Recommended Competitive Responses
► Rival BI vendors should point out that Oracle BI EE R3, though feature-rich, has no clear differentiators. In particular, leading BI/CPM pure-plays such as Business Objects, Cognos, Hyperion, and SAS should state their products already provide most of the usability, visualization, integration, information delivery, performance, scalability, high-availability, security, and other features found in the latest version of Oracle’s BI suite.
► Rival BI vendors must make sure that their respective product sets match up feature by feature against Oracle’s formidable new suite.
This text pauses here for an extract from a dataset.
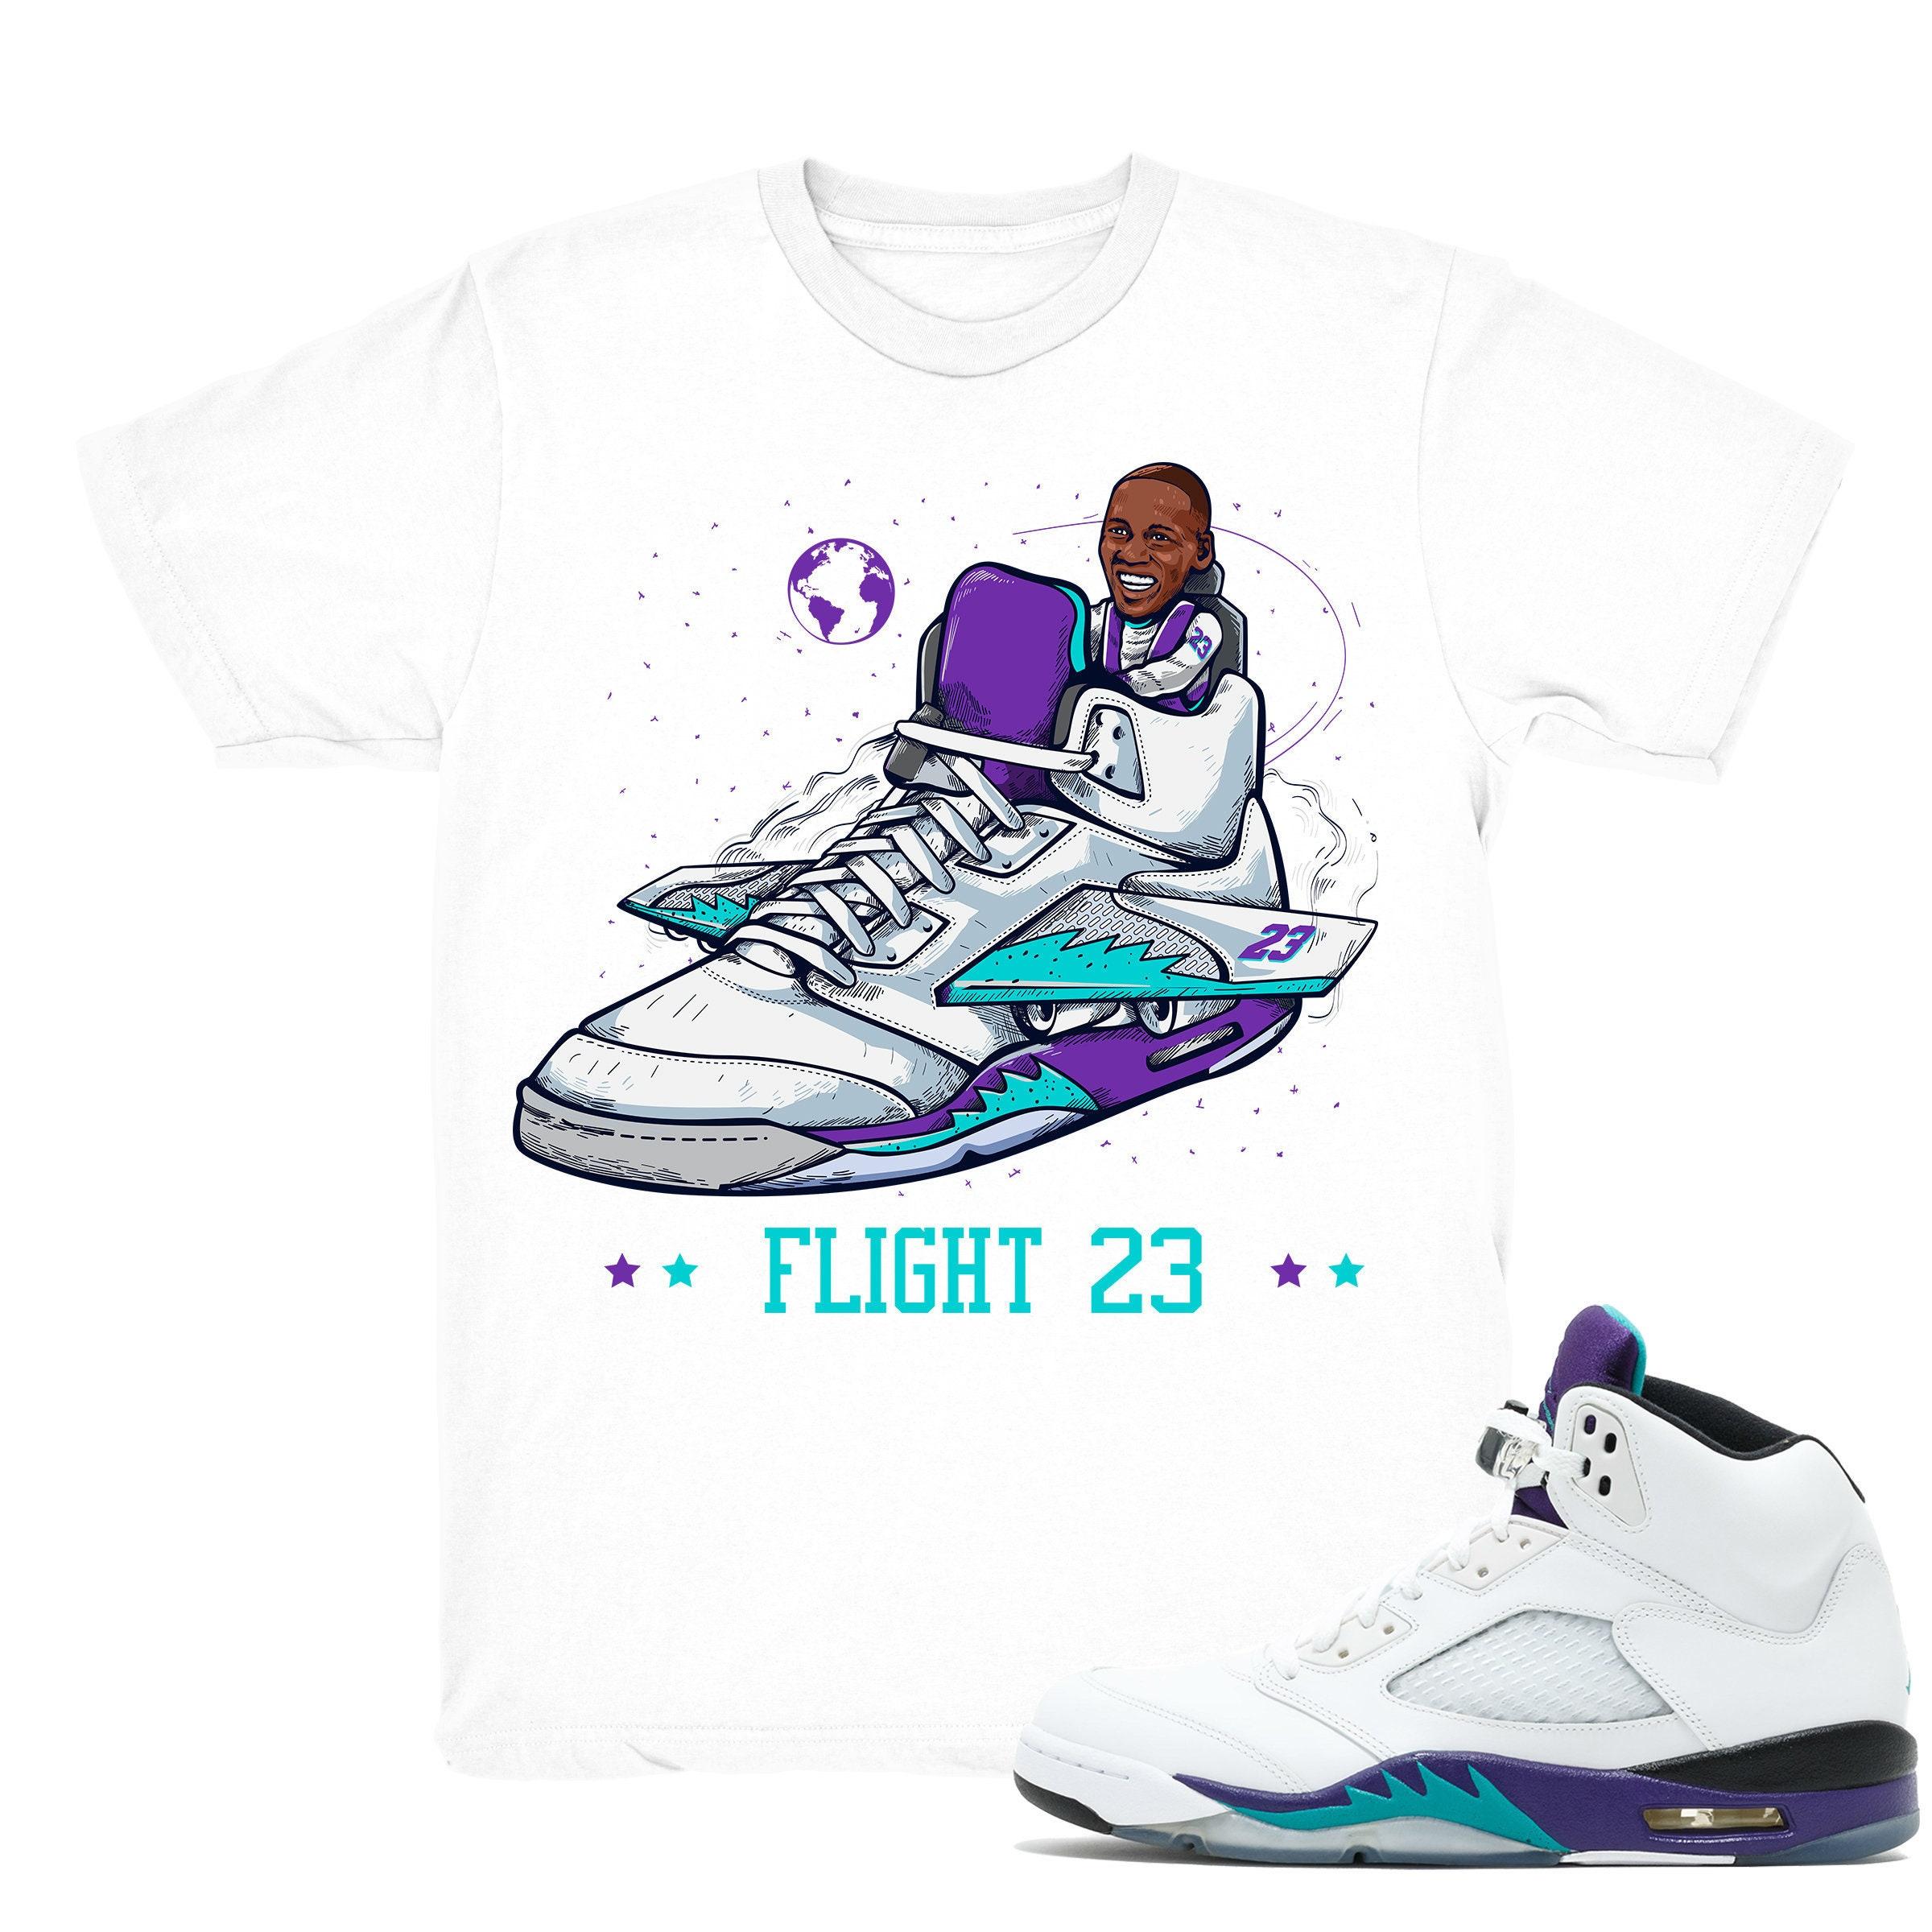 new concept f2038 102ff Air Jordan 5 Grape shirt | Flight 23 - Retro 5 Fresh Prince Grape tee shirts
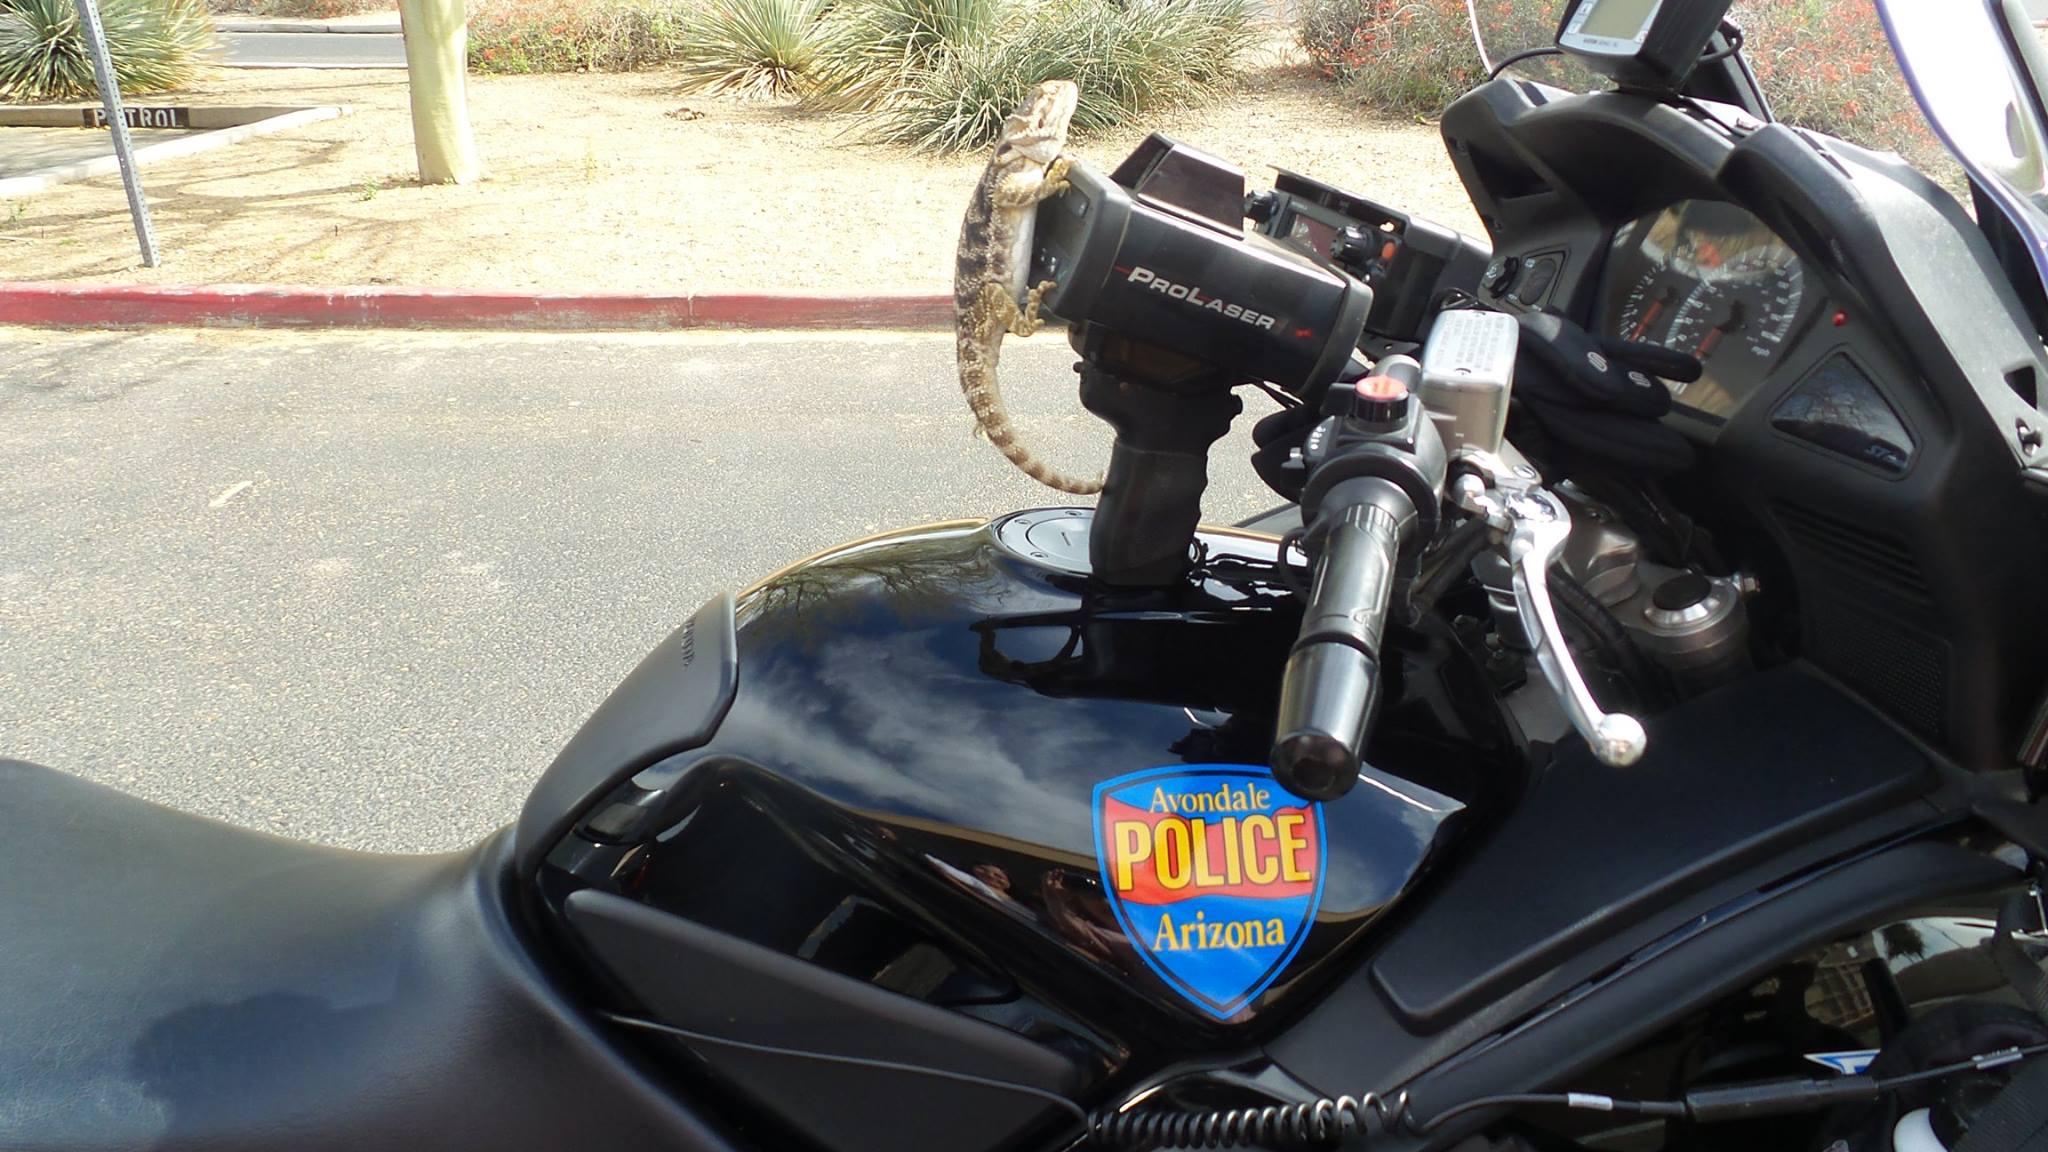 Iroh 'running radar with Motors' (Source: Avondale Police Department via Facebook)

In particular, BI competitors that cannot match Oracle’s ability to bundle its BI suite with same-vendor SOA/ESB suites/tools, must ensure that they implement SOA/Web services standards thoroughly and have tight, certified integration with best-of-breed SOA/ESB suites from Oracle, BEA, IBM, Microsoft, and others.
► SOA suite vendors that have BI products should revisit their product roadmaps to make sure they are addressing the unified value proposition, platform integration, and the wide range of new functionality available in Oracle BI EE R3. SAP should place a higher priority on enhancing its SAP NetWeaver BI product, which is, due in great part to the vendor’s chronic inattention, seldom on enterprises’ short list of best-of-breed BI products. Microsoft, on the other hand, should accelerate the ongoing field testing of its forthcoming Office PerformancePoint Server 2007, which is not due until later this year. Already, Oracle has stolen much of Microsoft’s thunder with the release of Oracle BI EE R3.
Recommended End User/Customer Responses
► Current users of Oracle BI EE should evaluate the latest version of the suite and consider upgrading as soon as they can justify the migration and set aside the necessary budget allocation. The vendor provides considerable new functionality in Oracle BI EE R3, providing incentives for existing customers to migrate up from prior versions of the suite, as well as from Siebel Analytics and other, legacy Oracle BI offerings.
► Current users of Oracle’s DBMS, portal, application server, integration tools, and other SOA suite components should evaluate the new Oracle BI EE R3 and consider adopting it as their company-standard BI environment. Oracle has integrated the new BI suite tightly with the other components of its best-of-breed Fusion Middleware product family, helping existing Oracle shops to leverage and extend their investments in the vendor’s diverse wares.
► Current users of rivals’ DBMS, OLAP, data warehousing (DW), DI, and other DM offerings should evaluate the new Oracle BI EE R3 and consider adopting it as their company-standard BI environment. Oracle has implemented tighter interoperability between its BI suite and various third-party OLAP, DW, and DI products. This latest release provides increased certification and native, optimized support for the latest releases of IBM DB2, Microsoft SQL Server, NCR Teradata, and SAP Business Information Warehouse.
► Current users of rivals’ BI products should reassess their strategic corporate BI vendor in light of the release of Oracle BI EE R3. Most large enterprises should include Oracle in their short list of strategic BI vendors. Given Oracle’s thorough implementation of SOA in this and other components of its Fusion Middleware product family, prospective customers have considerable flexibility to change over to Oracle BI EE R3 should their current BI vendors not keep up with the industry high bar that Oracle has clearly attained.